- **Exercise aim**: Leave every picture out, and print the full listing again exactly.

- **Exercise data**:
------------------------------
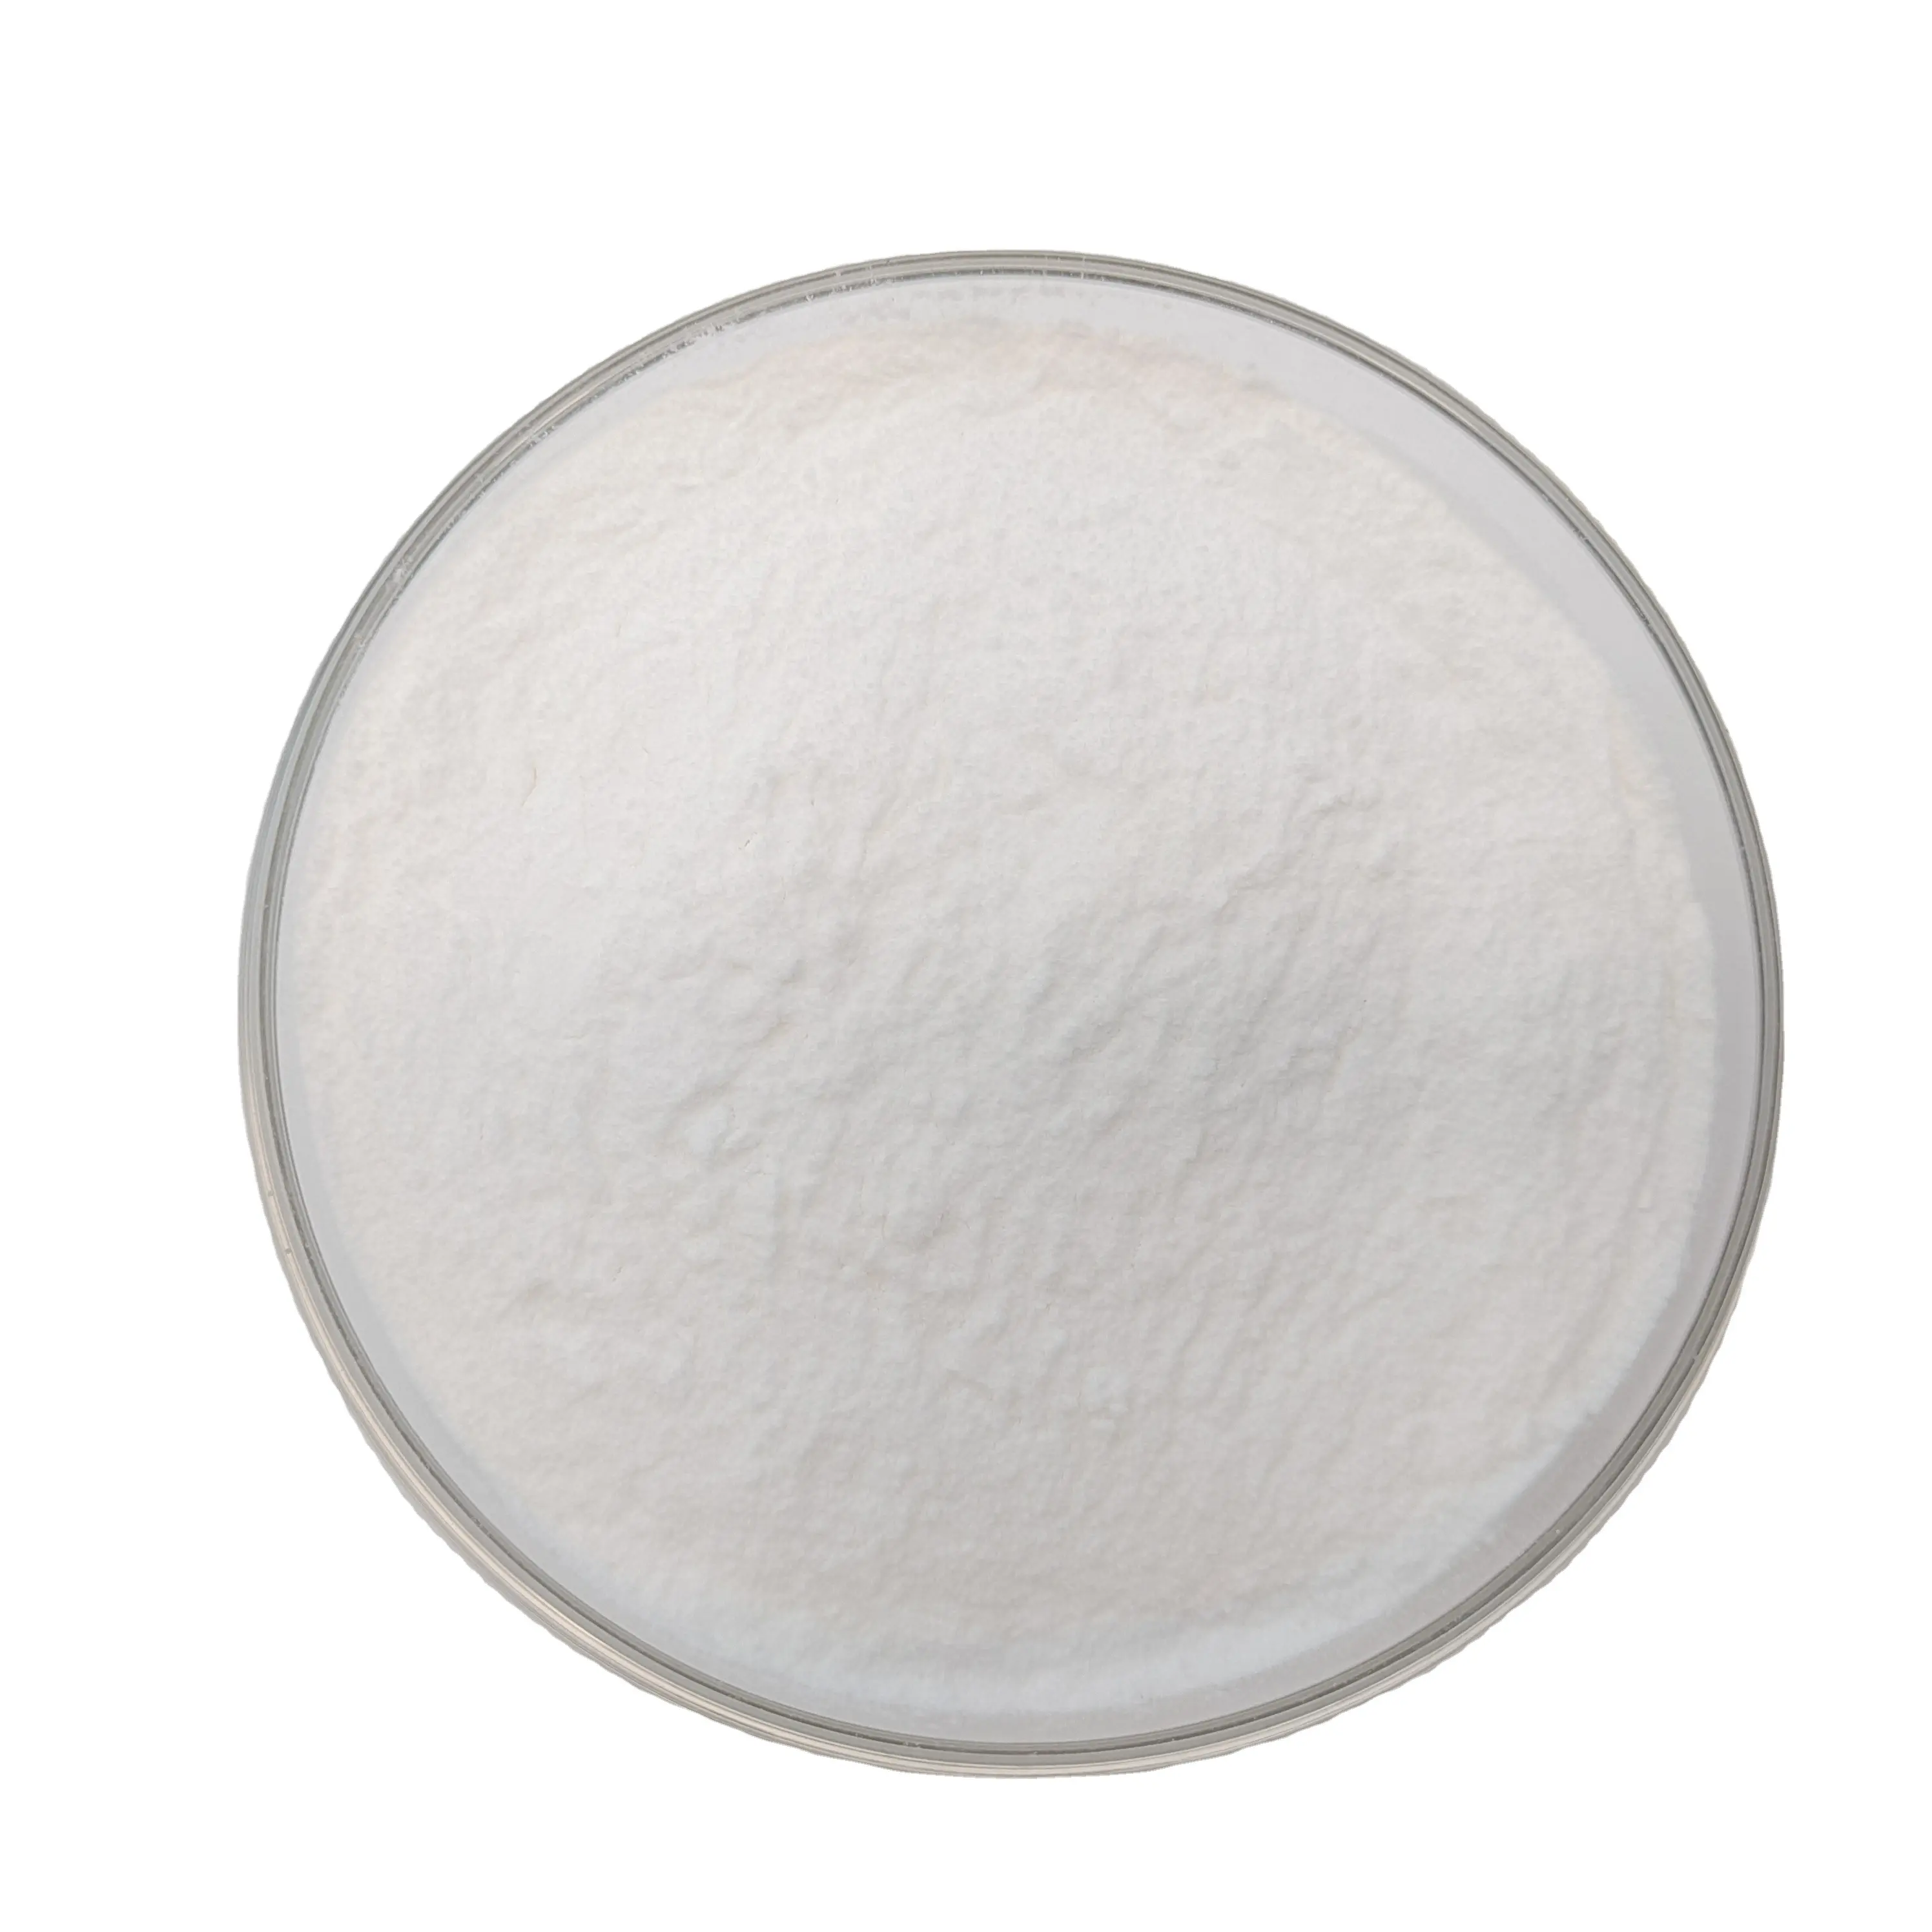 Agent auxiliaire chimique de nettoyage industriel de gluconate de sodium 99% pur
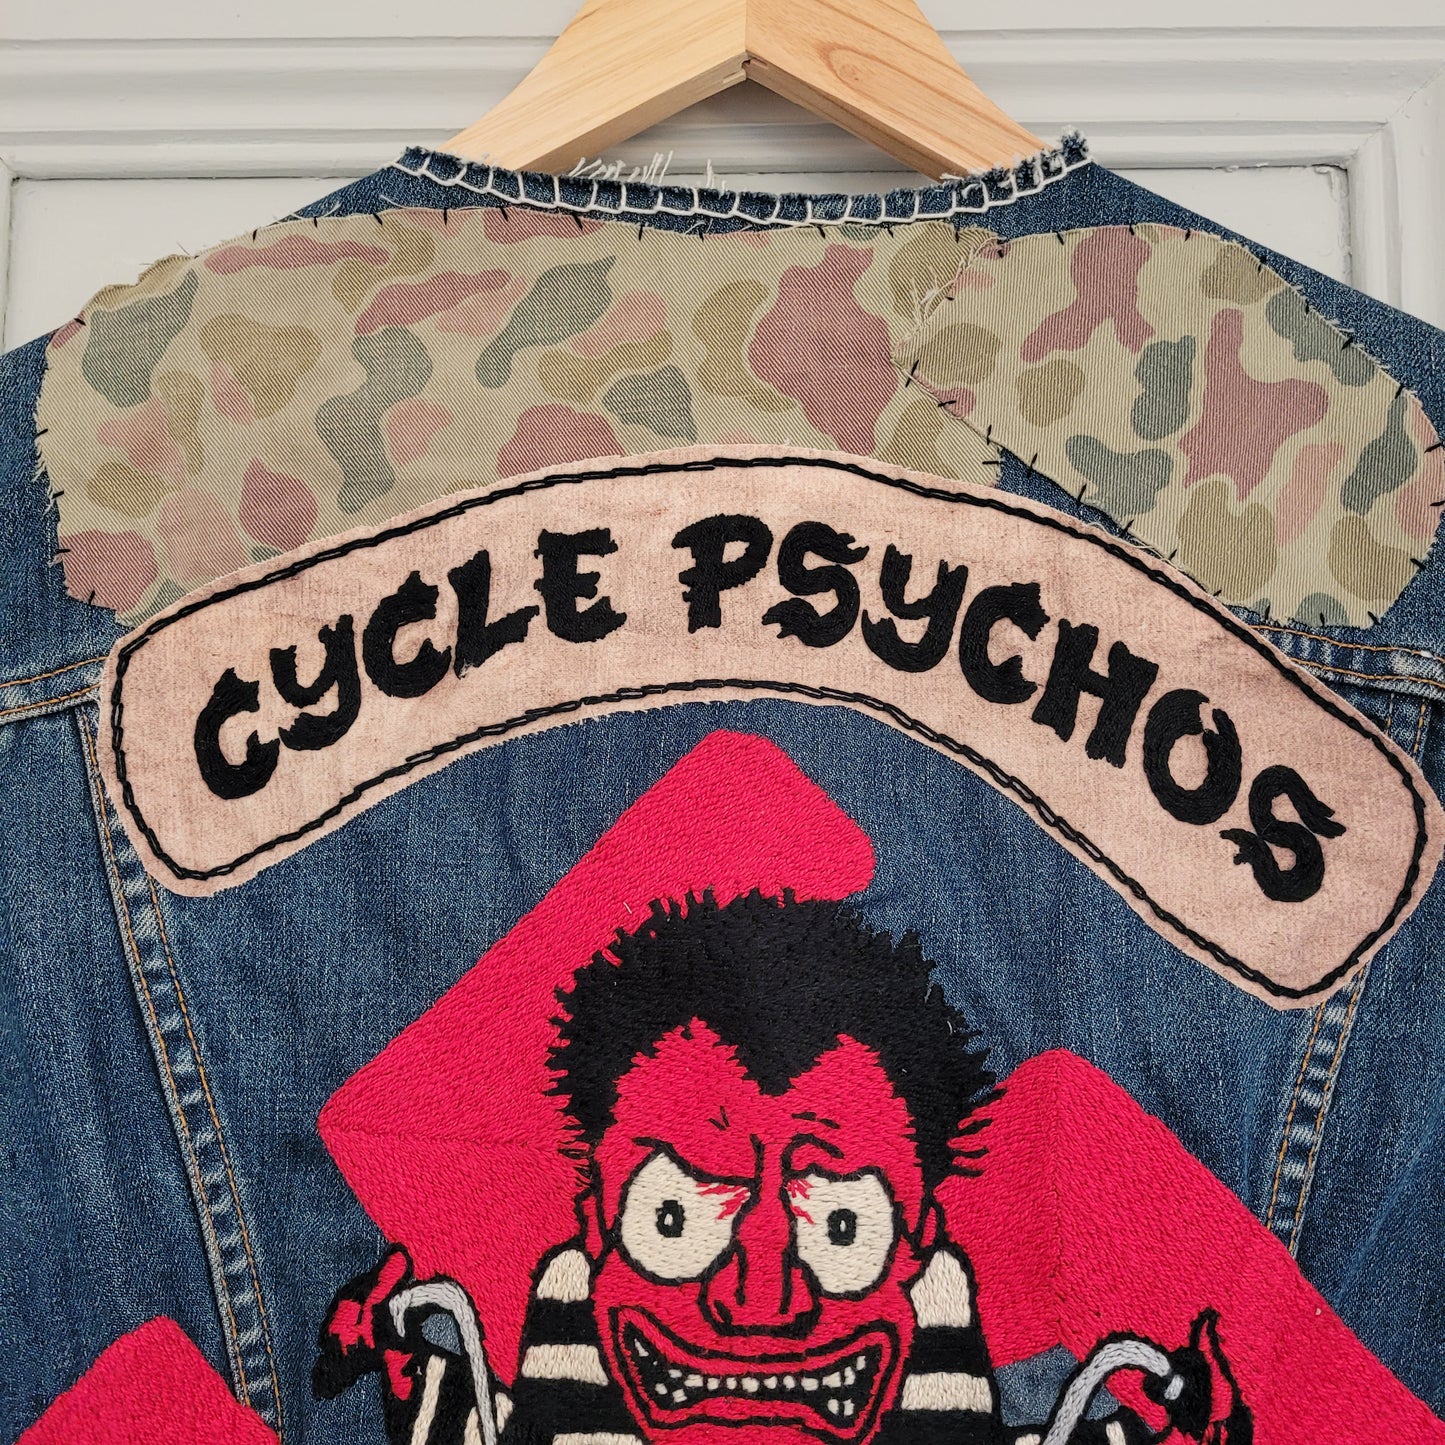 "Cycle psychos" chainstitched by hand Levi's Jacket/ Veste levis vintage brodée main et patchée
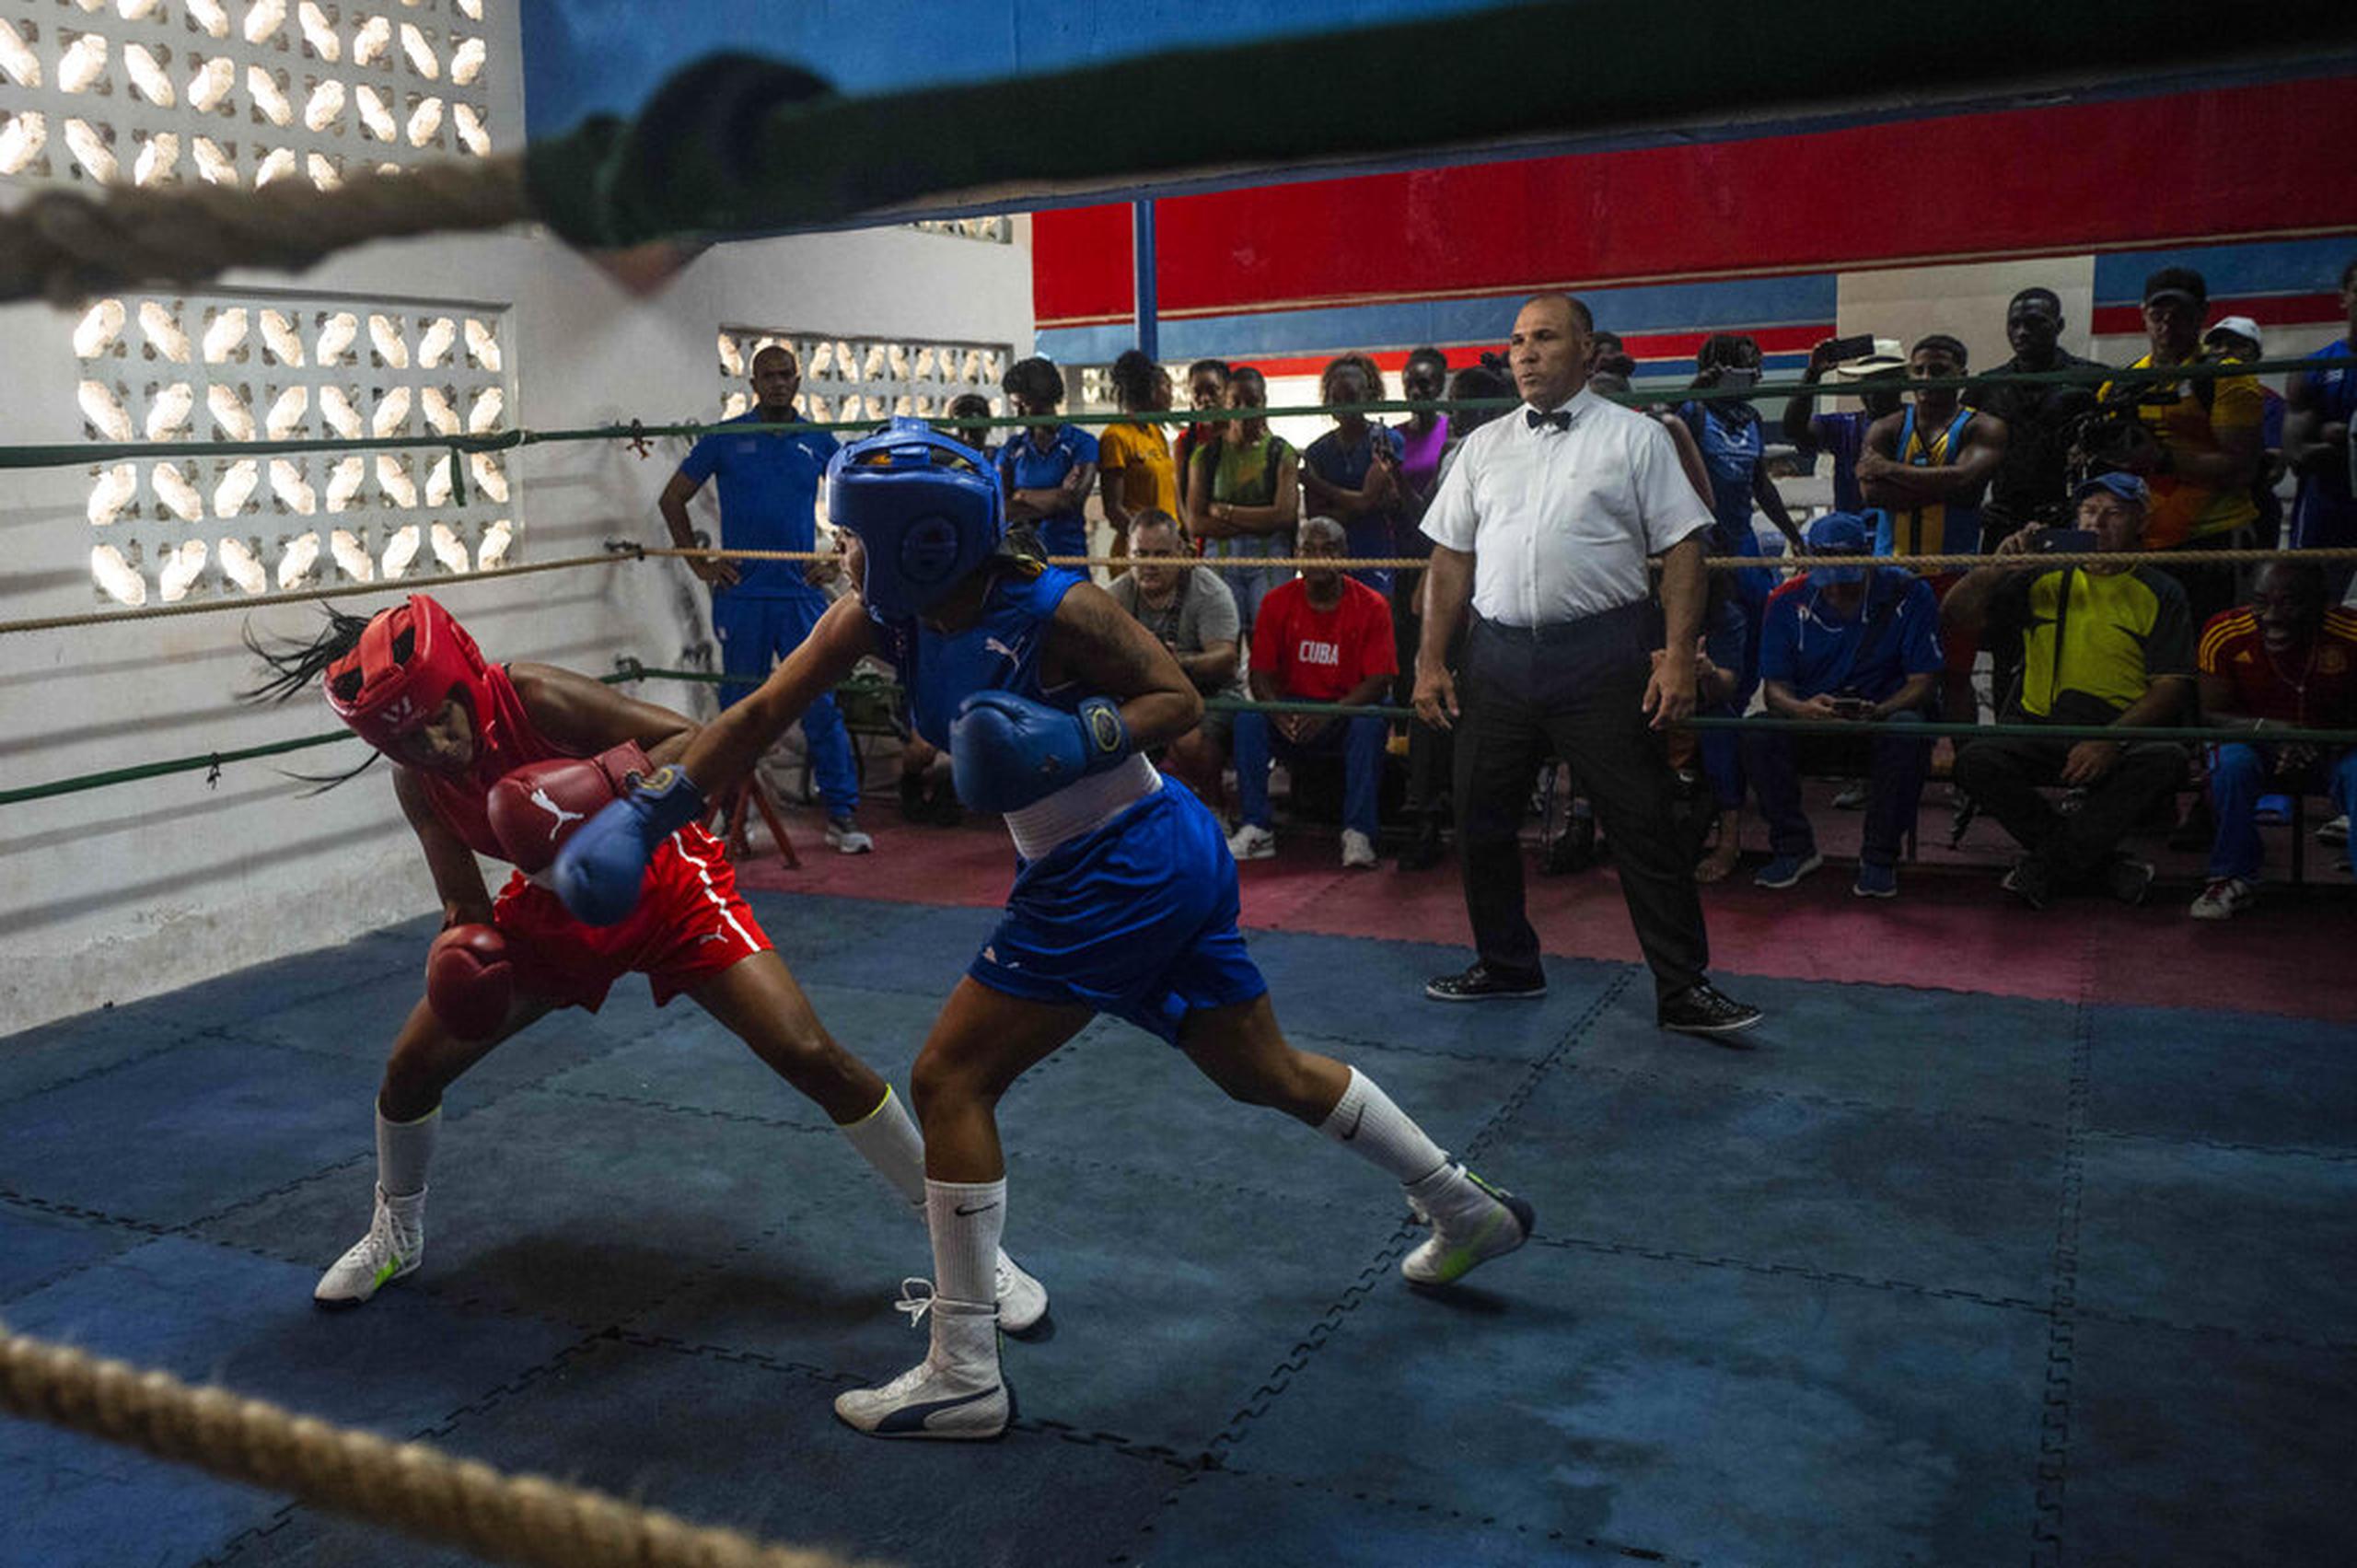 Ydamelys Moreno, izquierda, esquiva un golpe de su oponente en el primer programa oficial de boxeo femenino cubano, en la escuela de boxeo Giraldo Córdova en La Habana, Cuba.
------------------------------
- **Task answer**:
 Agent auxiliaire chimique de nettoyage industriel de gluconate de sodium 99% pur
 "Cycle psychos" chainstitched by hand Levi's Jacket/ Veste levis vintage brodée main et patchée
 Ydamelys Moreno, izquierda, esquiva un golpe de su oponente en el primer programa oficial de boxeo femenino cubano, en la escuela de boxeo Giraldo Córdova en La Habana, Cuba.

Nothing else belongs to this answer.